It includes ETL from the source system, front end applications (those 10 boxes on the right hand side), and everything in between. It has a control system, an audit system and a data quality system (also known as data firewall). Not all data warehouse systems have all the components pictured above, for example, some data warehouse system may not have operational data stored (ODS), see this article for details.

The 2 blue items are data warehouse databases. The cylinder is in relational format (labelled as dimensional data store, DDS for short), the box is in multidimensional format (labelled as cubes in the picture above). This blue cube is also known as on line analytical processing cube, or OLAP cube for short.

The yellow items are business intelligence applications. Most business intelligence applications take data from multidimensional format data warehouse, but some do take data from the relational format. The whole diagram above is also known as business intelligence system.

Some business intelligence applications take data directly from the source system. For example, some dashboard systems may get sales summary data from the source system and display it in gauge meter format. In this case, we can not call the system a data warehouse system. It is still a business intelligence system, but it is not a data warehouse system, because it does not have a data warehouse database behind the gauge meter application.
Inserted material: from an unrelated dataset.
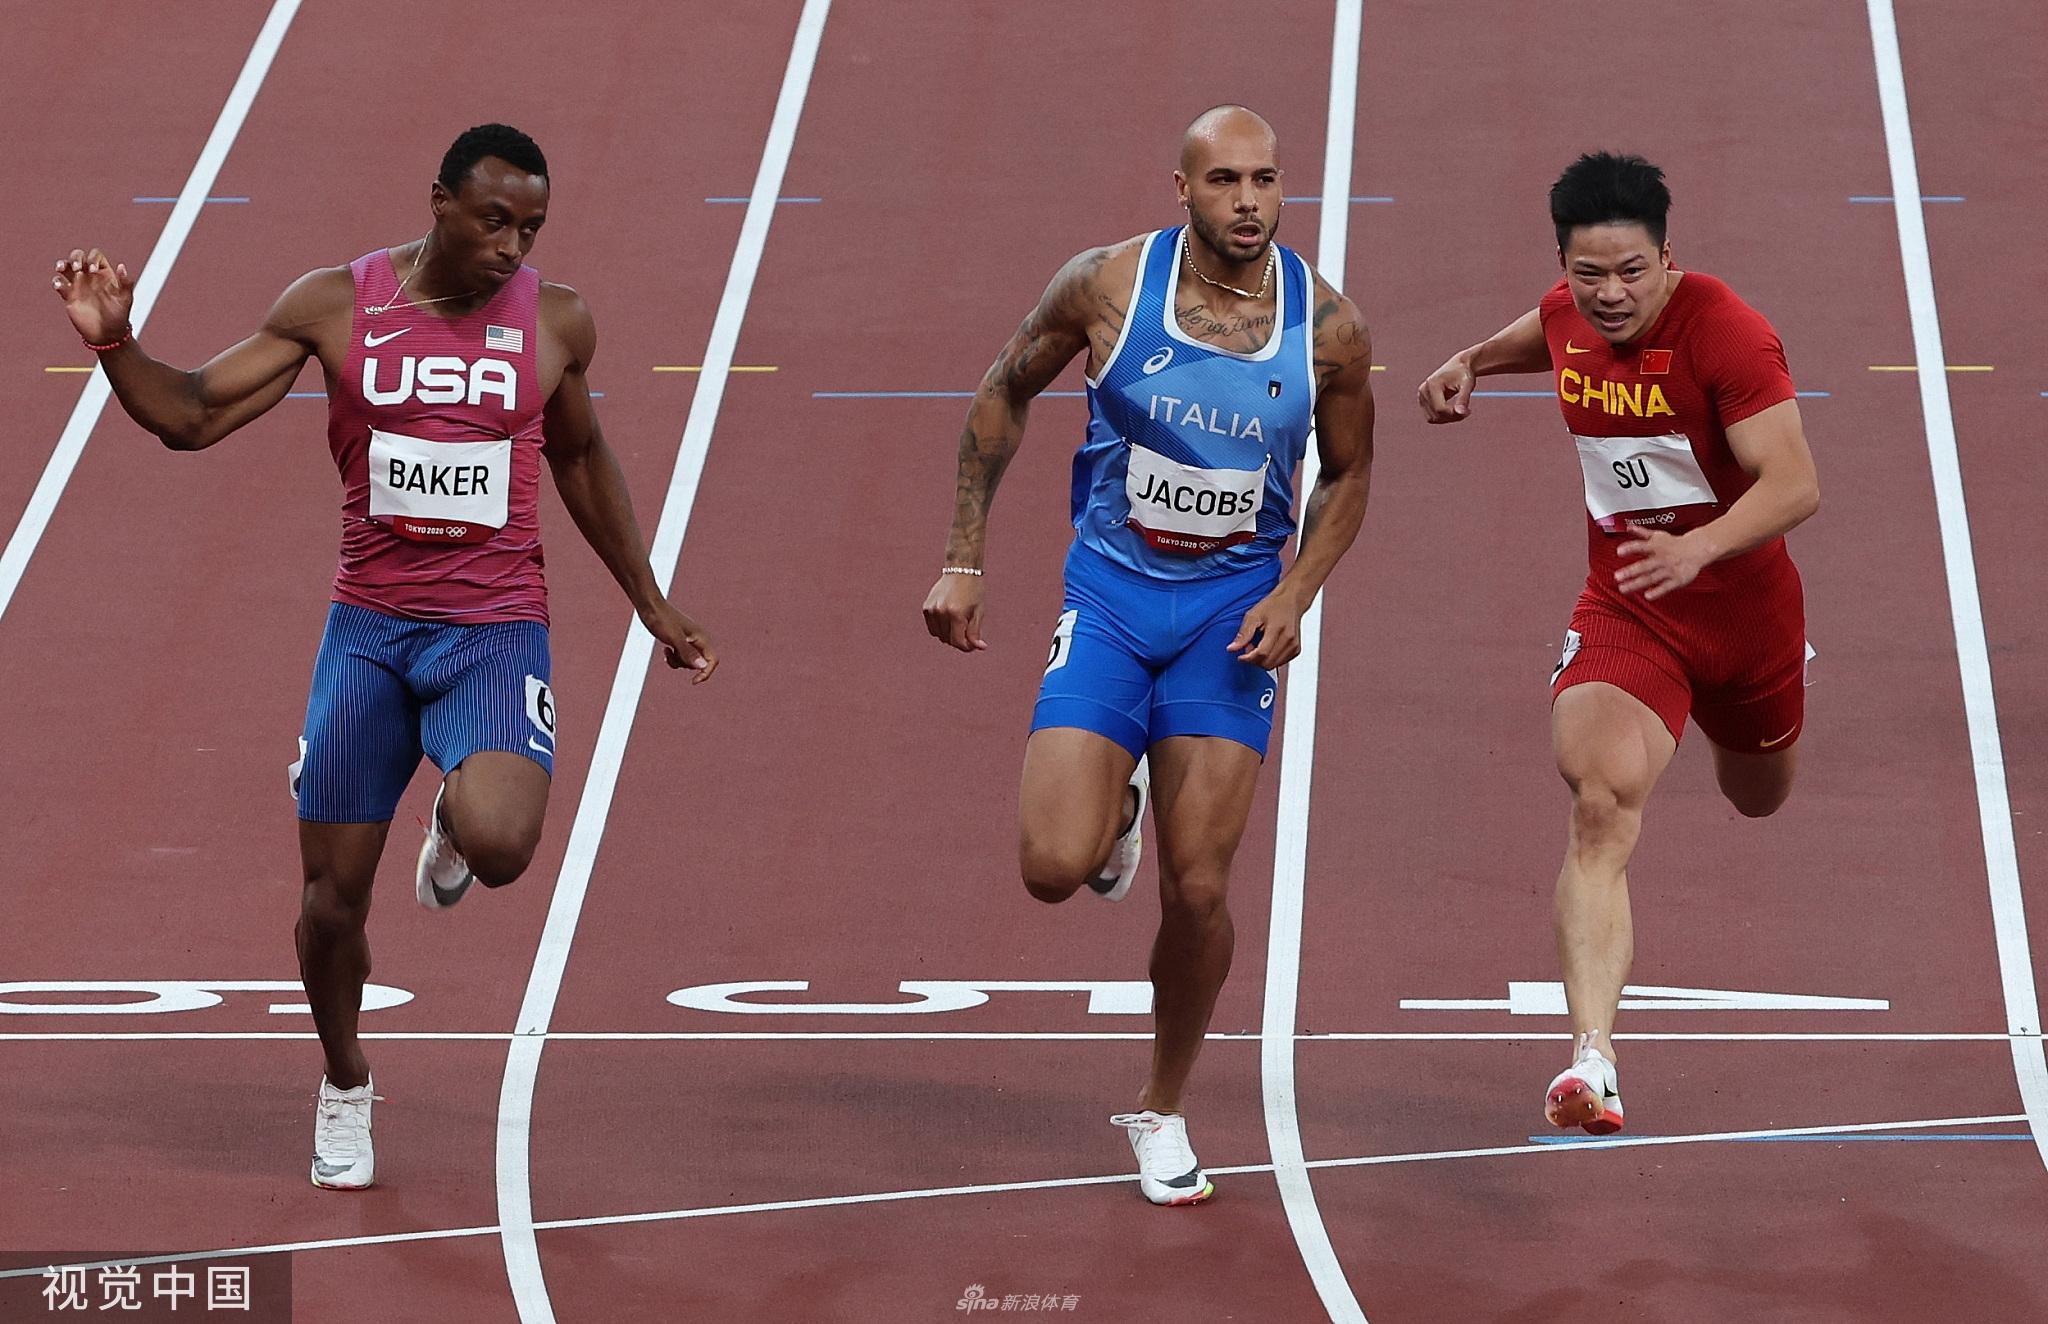 【博狗体育】苏炳添:半决赛曾被对手打手 没想到能跑到9秒83

Business intelligence systems, in the past also known as executive information systems, or decision support systems, are a non-transactional IT system used to support business decision making and solve management problems, normally used by top executives and managers. Many varied definitions exist in the market place today about the business intelligence system; one from Dr. Jay Liebowitz is arguably one of the better ones. Most people agree that OLAP and data warehouse systems are a major and important part of business intelligence systems. Most business intelligence systems are in the form of a data warehouse systems. Yes, there are business intelligence systems that do not use OLAP or data warehouses, as illustrated in the example of gauge meter application above, but they are more rare than the ones with OLAP or a data warehouse.

According to Ralph Kimball, in his book The Data Warehouse ETL Toolkit, a data warehouse is a system that extracts, cleans, conforms, and delivers source data into a dimensional data store and then supports and implements querying and analysis for the purpose of decision making. He stressed that a data warehouse is not a product, a language, a project, a data model or a copy of transaction system. In an interview with Professional Association for SQL Server (PASS) on 30th April 2004, he explained about the relationship between data warehousing and business intelligence.

In their latest book, The Microsoft Data Warehouse Toolkit, Joy Mundy and Warren Thornthwaite do not differentiate data warehouse systems and business intelligence systems. They consistently use the term DW/BI system throughout the book. This is understandable because, as I describe above, most business intelligence systems are in the form of a data warehouse system.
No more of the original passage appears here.